Brief =
Please set down the data word for word; images do not go in the copy.

Dataset excerpt =
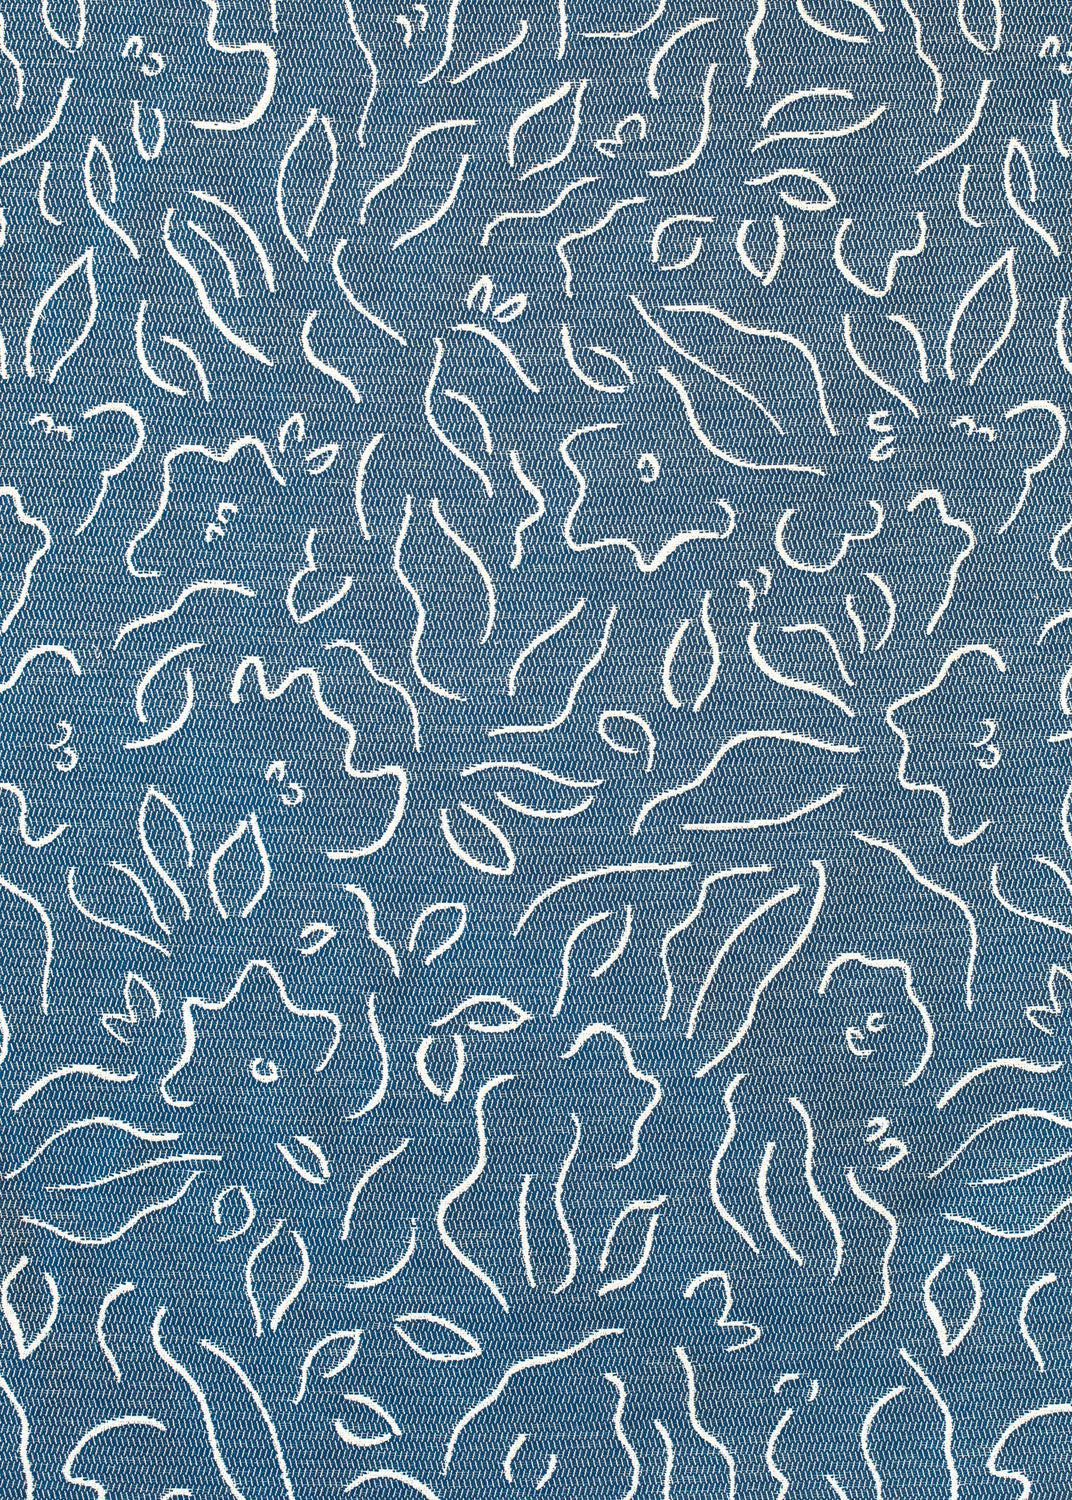 Detail of fabric in a minimalist floral print in cream on a navy field.
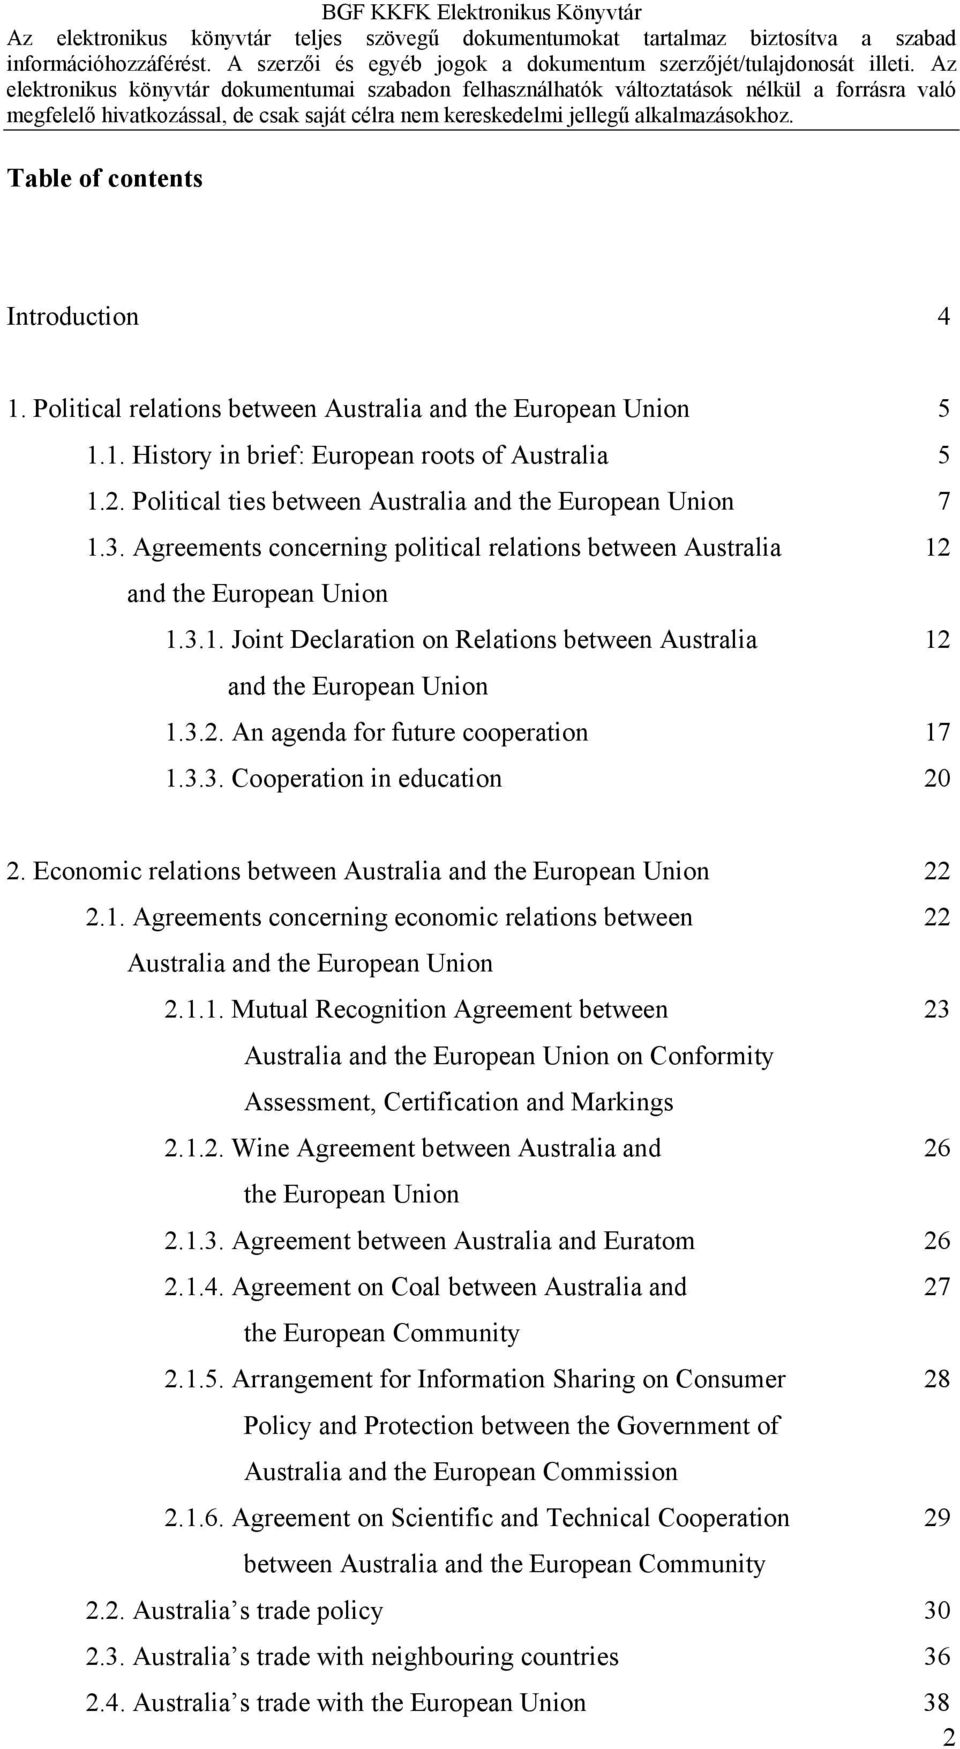 3.2. An agenda for future cooperation 17 1.3.3. Cooperation in education 20 2. Economic relations between Australia and the European Union 22 2.1. Agreements concerning economic relations between 22 Australia and the European Union 2.
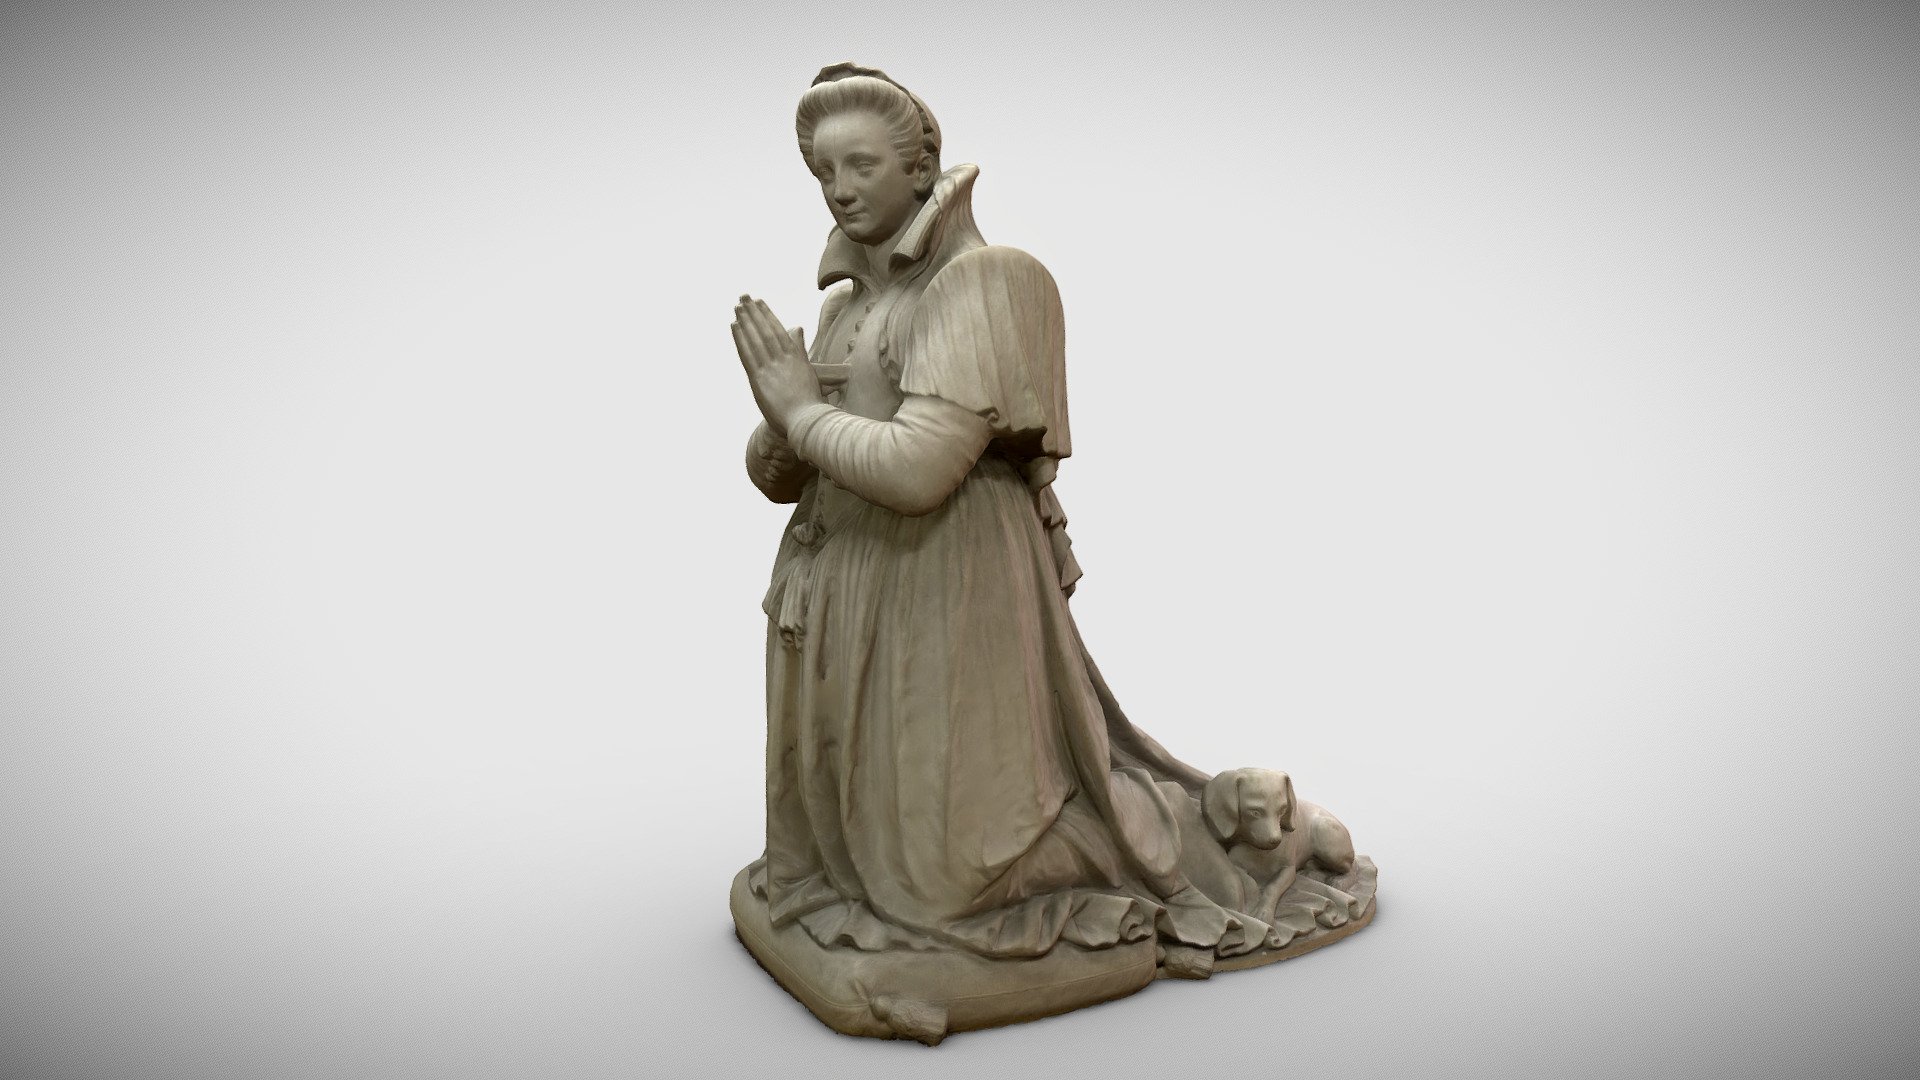 Marie de Barbancon-Cany (1601-1602?), kneeling and praying, Barthélemy (1540 - 1611), Paris, Saint-André-des-Arc, de Thou’s. Paris, Louvre. The Royal Cast Collection (Copenhagen, Denmark). Made with 320 pictures with Metashape from Agisoft. Dimension: 135 x 62 x 116.5 cm.

For more updates, please consider to follow me on Twitter at @GeoffreyMarchal. (https://twitter.com/GeoffreyMarchal) - Marie De Barbancon-Cany - Buy Royalty Free 3D model by Geoffrey Marchal (@geoffreymarchal) 3d model

Exercise answer =
 Detail of fabric in a minimalist floral print in cream on a navy field.
 3.2. An agenda for future cooperation 17 1.3.3. Cooperation in education 20 2. Economic relations between Australia and the European Union 22 2.1. Agreements concerning economic relations between 22 Australia and the European Union 2.
 Marie de Barbancon-Cany (1601-1602?), kneeling and praying, Barthélemy (1540 - 1611), Paris, Saint-André-des-Arc, de Thou’s. Paris, Louvre. The Royal Cast Collection (Copenhagen, Denmark). Made with 320 pictures with Metashape from Agisoft. Dimension: 135 x 62 x 116.5 cm.

For more updates, please consider to follow me on Twitter at @GeoffreyMarchal. (https://twitter.com/GeoffreyMarchal) - Marie De Barbancon-Cany - Buy Royalty Free 3D model by Geoffrey Marchal (@geoffreymarchal) 3d model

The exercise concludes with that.